We live in an environment where everything is changing. Business requirements are changing. User demands are constantly in flux and always evolving. And our infrastructure is also continually changing. Frankly, the infrastructure has always been in a constant state of change, but in the past we pretended that we could get it to a point of stability — that we could reach a state of “done.” Once we finished setting up that totally stable infrastructure, then we could run everything on top with no problems, right?
IT is perpetually in firefighting mode because it treats change as the exception, not the rule. Yet, change is the only constant in our world.
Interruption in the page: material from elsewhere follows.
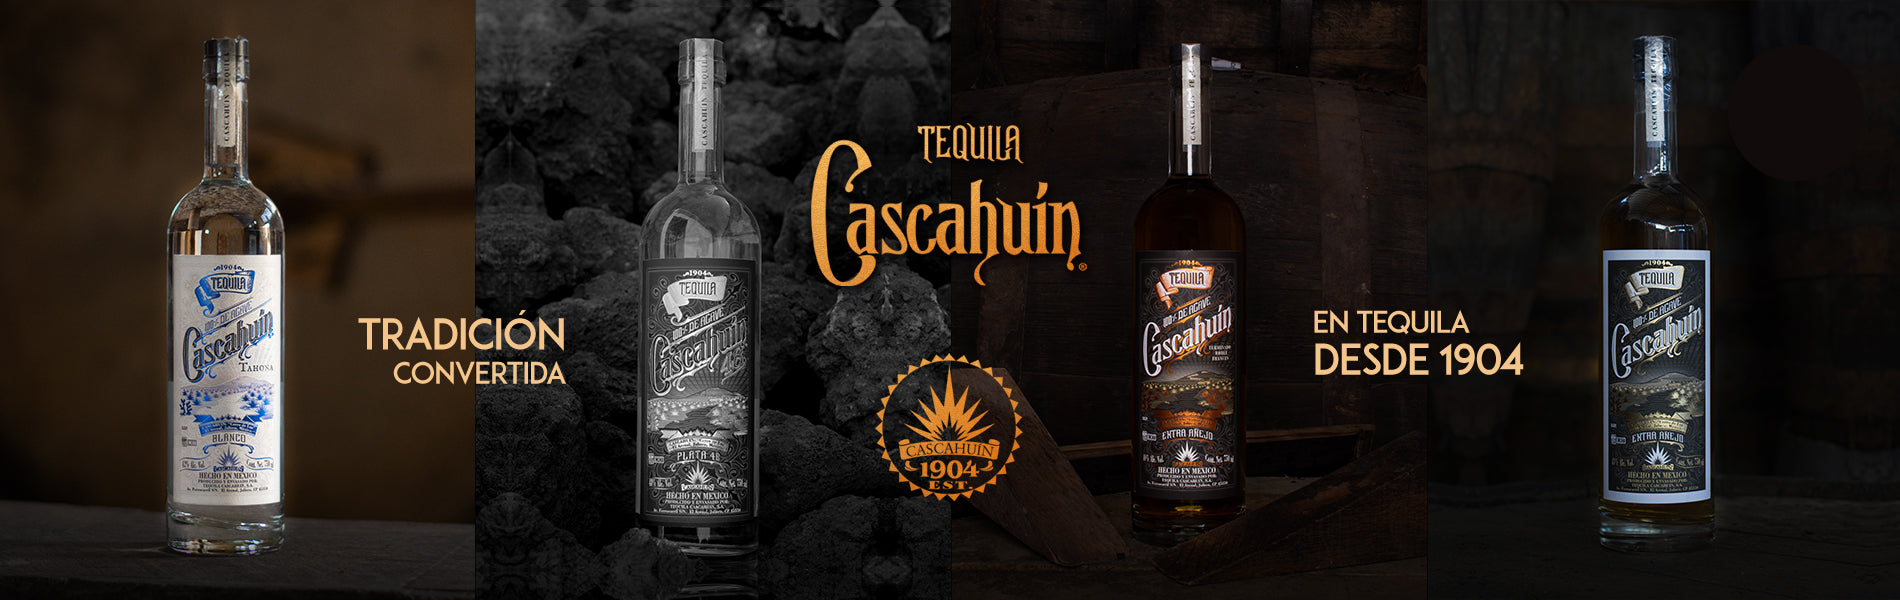 Tequila cascachuin

The increased use of containers in recent years has come largely out of the value that the container image brought — having a deployable artefact (the Docker image) that bundled together all dependencies, from the operating system through middleware and the application components, enabled significant advancements in development and operational (DevOps) efficiencies. And the speed with which containers could be launched helped to expand and refine practices around infrastructure as code and immutable infrastructure. But containers alone do not address the need for constant adaptation.
Just like the infrastructure virtualisation that was ushered in by VMware 20 years ago and delivered as a service starting with AWS, the introduction and early adoption of containers has left so much of the way IT works largely unchanged. The use of automation has increased the very infrastructure as code and also resulted in the automation of existing practices — a script to install the docker runtime on three hosts, another to “docker run” three different microservice images, and another to adjust firewall rules to allow traffic through.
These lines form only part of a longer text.